Designing games with a purpose: In this paper, the author discusses the game that are intended to collect data from the players as the solution to current problems. The paper begins by giving the number of avg hours that young American might have spent. Then, it gives example that help to label the image where the data is collected when players are also entertained at the same time. The paper discusses the general ways to develop such games and make them enjoyable. By adding a timer, the player could get more evolved. By keeping the scores and adding ranks or show high score list, the players could be better motivated. Adding more randomness could make the game more challenging. And assigning random partner is also a good way to motivate repeated play/ The best of the paper is that, it doesn’t only talks about basic rules when designing that kind game, but also tries to provide a systematic way to evaluate these games. It uses average number of problem solved per hour and average overall amount of time the game is played bu a player to evaluate the contribution. If the paper could evaluate serval games and compare them though the evaluation method proposed, it might be more convincing.————————————————————————————— Crowdsourcing User Studies With Mechanical Turk: In cs2001, Dr. Adam said that in his own HCI project, he used the amazon turk platform to do the user study. Since in the class, we learned that the physical environment is important and we need to control as more as we could, so I truly wonder that whether the data collected on this platform will have this issue. This paper answers my question: it’s true that the validation of users condition is hard to guarantee and there is no full control towards user’s own experiment setting. The paper said that the platform was used as collecting data for data mining or machine learning. The author argues that the system could also be used as an evaluation system to finish some evaluation user studies. He conducted several experiment to prove that the platform could be used in this case.

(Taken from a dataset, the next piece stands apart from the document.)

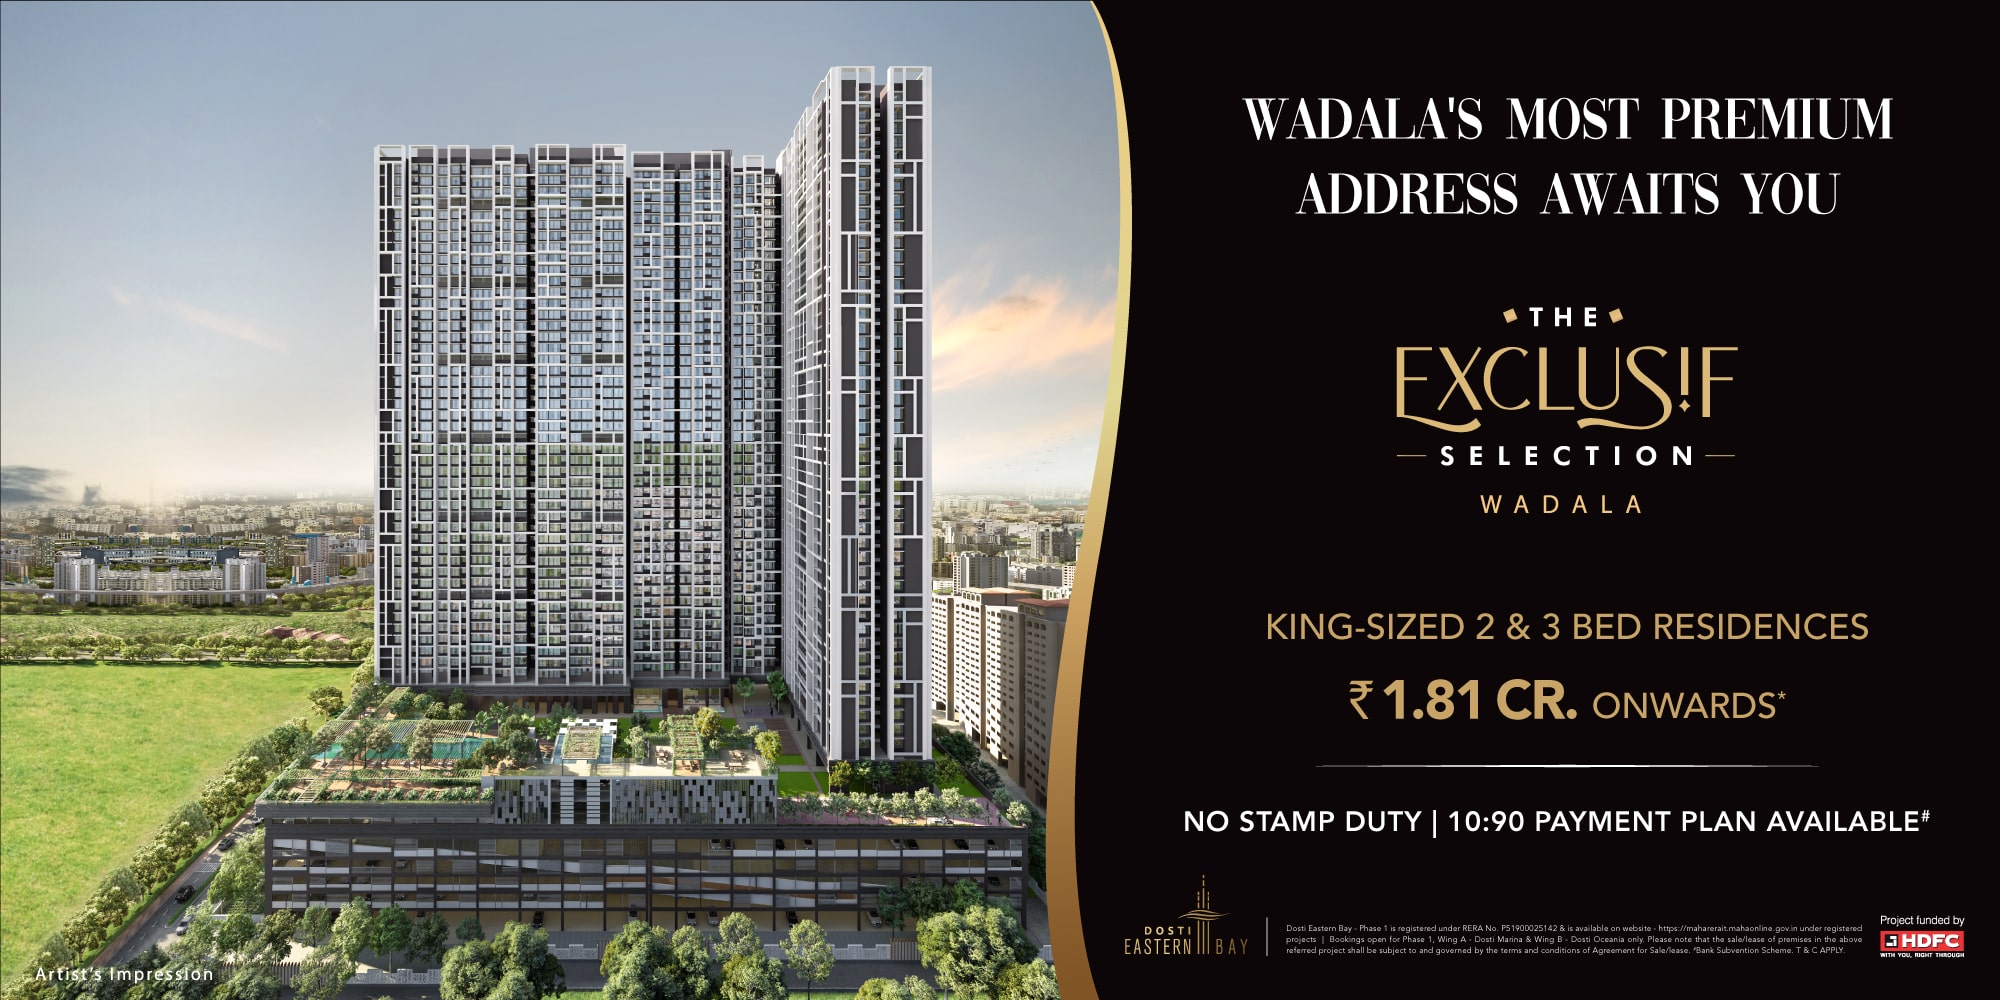 No stamp duty, 10:90 payment plan available at Dosti Eastern Bay, Mumbai
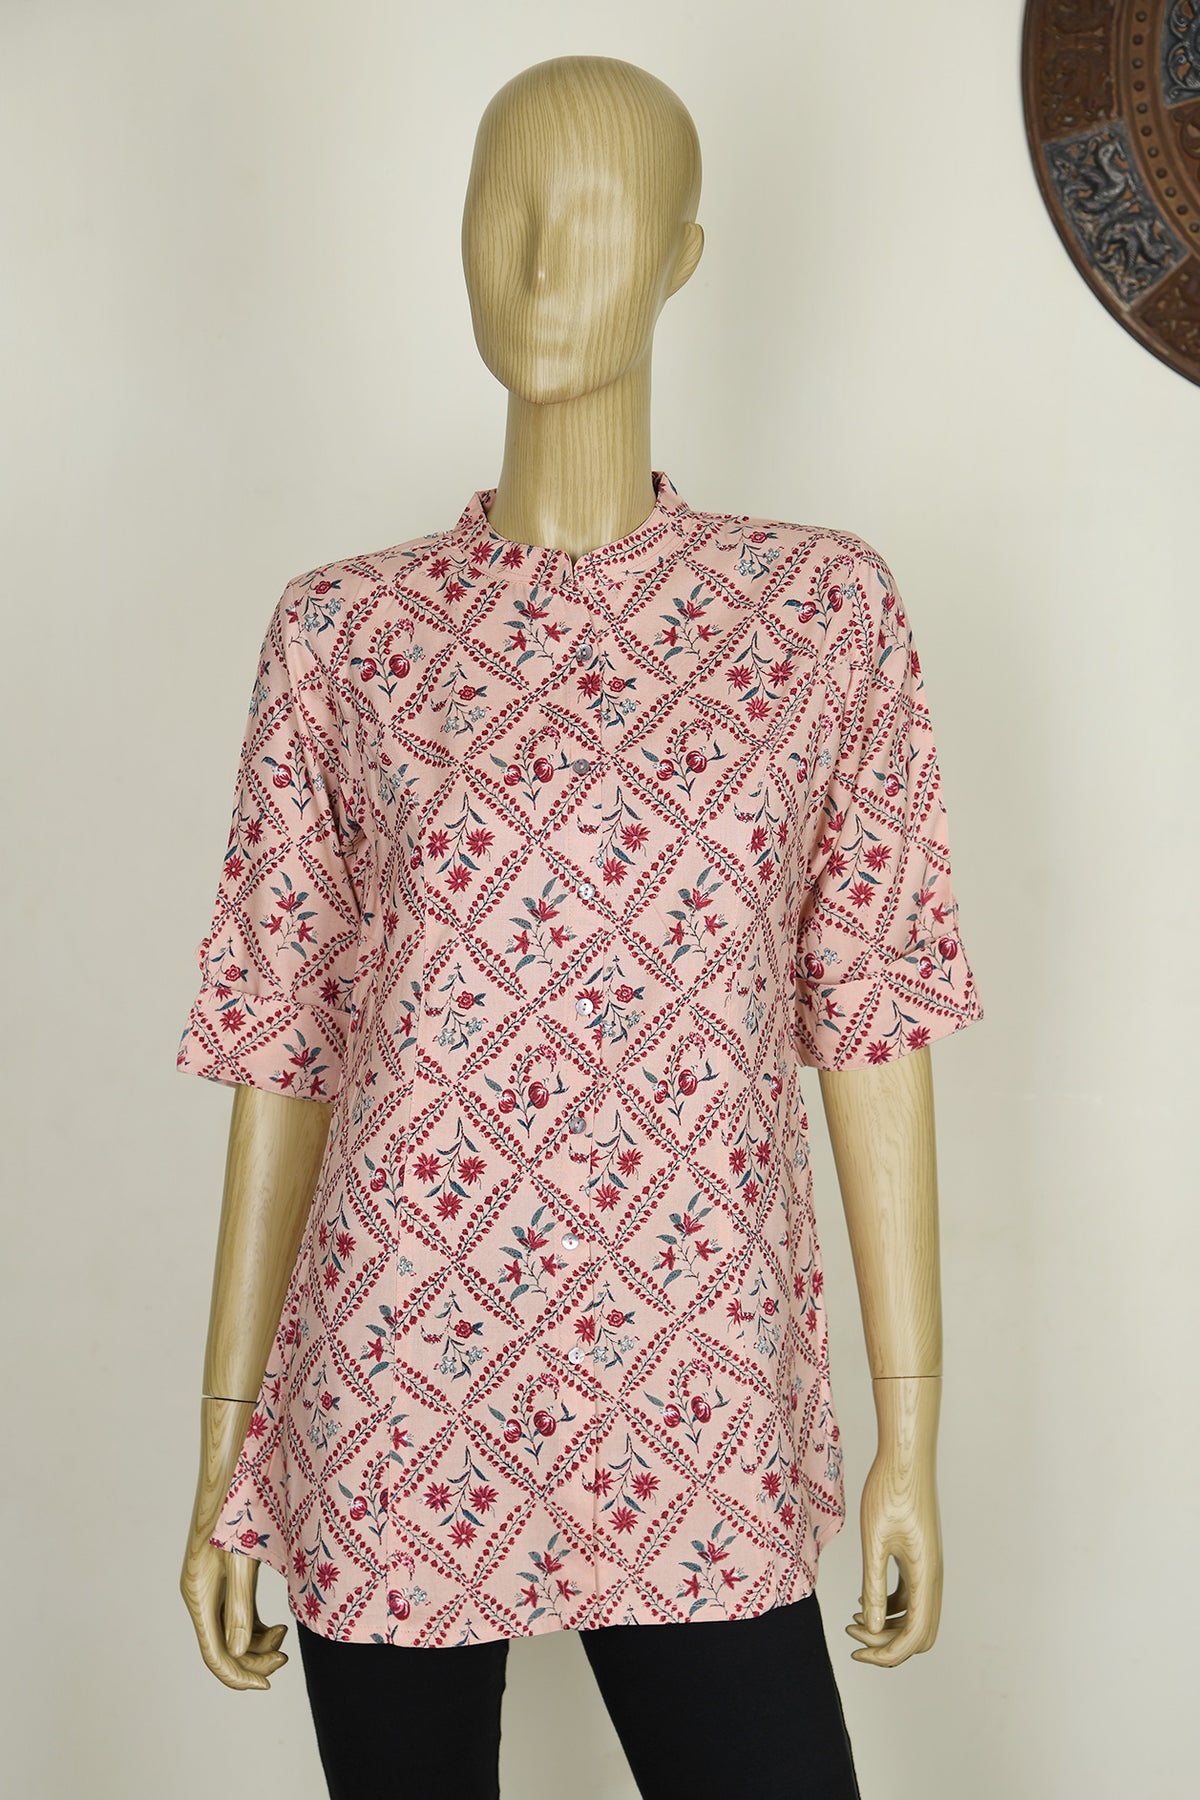 Chinese Collar Floral Design Peach Pink Printed Cotton Short Top

But also points out it’s possible limitations.

Ruochen Liu 8:58:37 11/30/2017

Designing Games with a Purpose: People, especially the youngsters, spend huge amount of energy and time on playing games. They play games just for entertainment. But if we try to add other purposes into the design process of games, maybe we can have a win-win situation and make a good use of these man-power and time to solve computational problems and train artificial intelligence algorithms. This is an interesting and promising area, and this paper is just about this topic. “Games with a purpose” is also called GWAPs. Many GWAPs, such as the ESP game, Peekaboom, Phetch, and Verbostiy have been created. By researching them, three game-structure templates that can generalize successful instances of human computation games are found. They are output-agreement games, inversion-problem games, and input-agreement games. By designing games in these ways, the integration of computation and gameplay can be easily achieved. One of the possible common drawback of the three templates is that they all use the similarity of game players to ensure output correctness. This may be not suitable for creative and complicated games. GWAP, as a promising approach, has an ability to provide huge amount of training data for AI. However, much work remains to be done. Crowdsourcing User Studies with Mechanical Turk: As we all know, user studies play important roles in the design process. The cost may be a main factor in the conduction of a user study. This paper introduces micro-task markets, such as the Mechanical Turk from Amazon, as a potential way to get access of user studies with low time and low money cost. Micro-task markets are markets that in which users can post tasks to be completed by others in specific prices. Personally speaking, besides the function to conduct user studies, it is also a great platform to acquire huge amount of AI training data. Also, several limitations of Mechanical Turk are mentioned in this paper. These limitations and drawbacks must be put into account in the design of user studies. I am very willing to use this powerful and cost-efficient platform to conduct user studies in the future.